Search code examples
rzooas.date

Negative months as difference between two dates


I am aware that there are some posts similar to this here on stackoverflow. But they did not directly address my issue. Here is my issue:

I have a variable called earliest_cr_line which contains dates as Jan-01. This is a string variable. I need to create a variable called "test" which should contain the difference between earliest_cr_line and Dec-2007 in months. To this end, I ran the following codes:

library(zoo)
loan_data$earliest_cr_line_date <- as.yearmon(loan_data$earliest_cr_line, "%b-%y")
ref_date <- as.yearmon("Dec-07", "%b-%y")
loan_data$test <- round((as.Date(ref_date) - 
as.Date(loan_data$earliest_cr_line_date))/(365.25/12))

However, the newly created variable test contains many negative numbers as well. I figured out that when converting earliest_cr_line from string to yearmon, R misinterpreted years which were before 1970. For example, yearmon converted Jan-60 into Nov 2060 instead of Nov 1960. That's what is causing the negative output. Any idea how I should approach this problem?

Thanks.


Solution

  • Date's integer is a day, making day-to-month determination inconsistent. yearmon's integer is a year, which makes a month just 1/12, a bit simpler to deal with.

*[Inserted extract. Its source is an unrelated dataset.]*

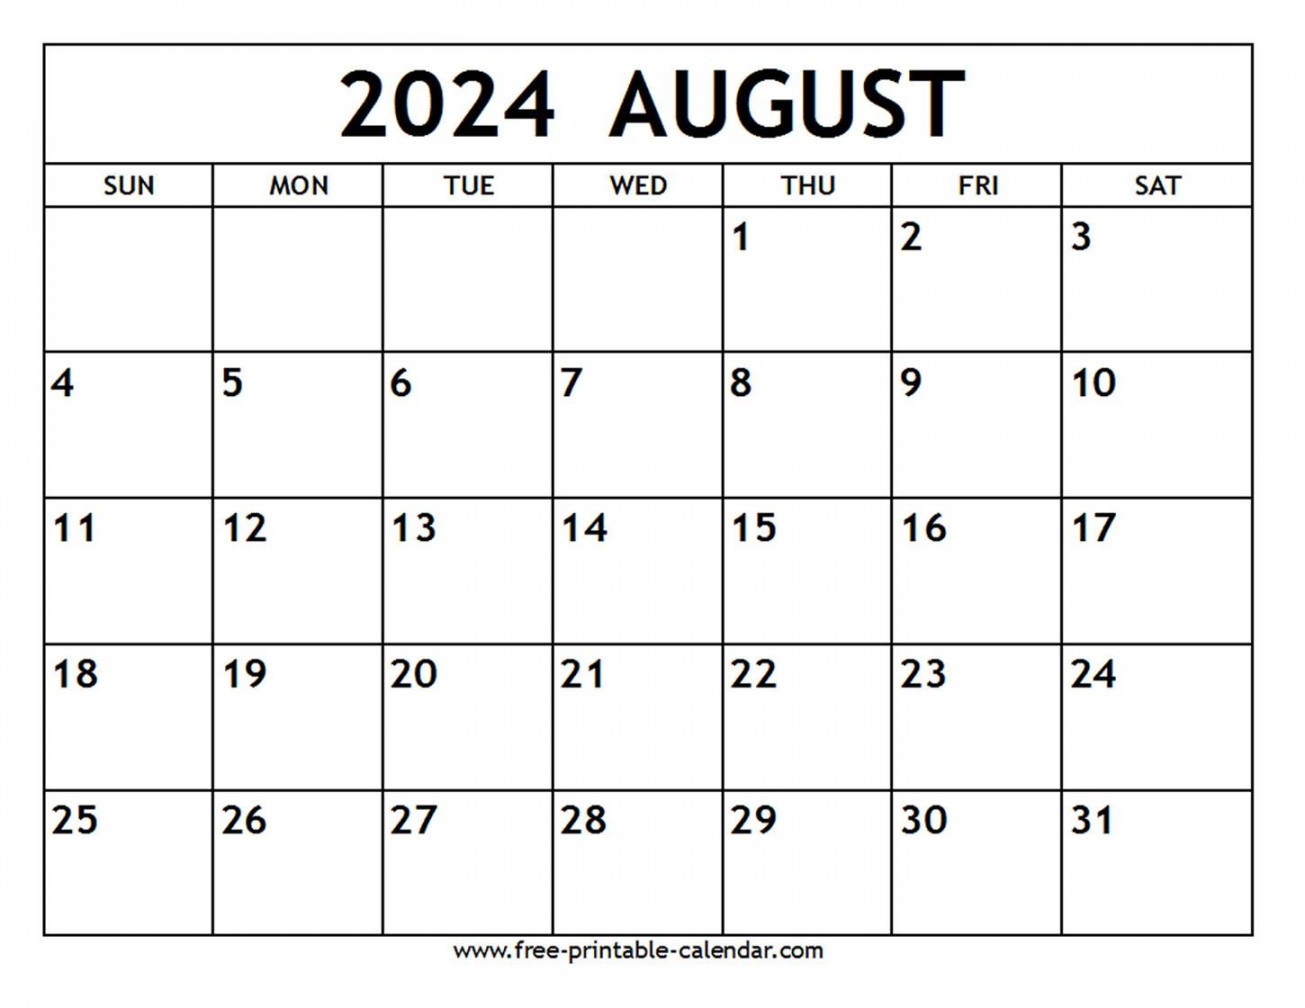 august calendar free printable calendar com

If you start with zoo's yearmon object, then I suggest you stick with it instead of trying convert to/from R's Date object.

    Handling wrong years is an annoying Y2K problem ... while this below will generally work (assuming that everything you're looking at is in the past), I urge you to fix this problem at the source. (I am astounded that something somewhere still thinks that 2-digit years is acceptable. *shrug*)

    vec <- c("Nov-60","Nov-70","Nov-71","Jan-01","Mar-05","Dec-07")
    (out <- zoo::as.yearmon(vec, format="%b-%y"))
    # [1] "Nov 2060" "Nov 1970" "Nov 1971" "Jan 2001" "Mar 2005" "Dec 2007"
    (wrongcentury <- as.integer(gsub(".* ", "", out)) > as.integer(format(Sys.Date(), "%Y")))
    # [1]  TRUE FALSE FALSE FALSE FALSE FALSE
    vec[wrongcentury]
    # [1] "Nov-60"
    zoo::as.yearmon(gsub("-", "-19", vec[wrongcentury]), format = "%b-%Y")
    # [1] "Nov 1960"
    out[wrongcentury] <- zoo::as.yearmon(gsub("-", "-19", vec[wrongcentury]), format = "%b-%Y")
    out
    # [1] "Nov 1960" "Nov 1970" "Nov 1971" "Jan 2001" "Mar 2005" "Dec 2007"
    

    Edit: much more concise recommendation from G. Grothendieck:

    out <- zoo::as.yearmon(vec, format="%b-%y")
    out - 100 * (out > zoo::as.yearmon(Sys.Date()))
    # [1] "Nov 1960" "Nov 1970" "Nov 1971" "Jan 2001" "Mar 2005" "Dec 2007"
    

    If your source data ever comes close to 1920, then this inferential solution will further break. (More reason to fix it at the source :-)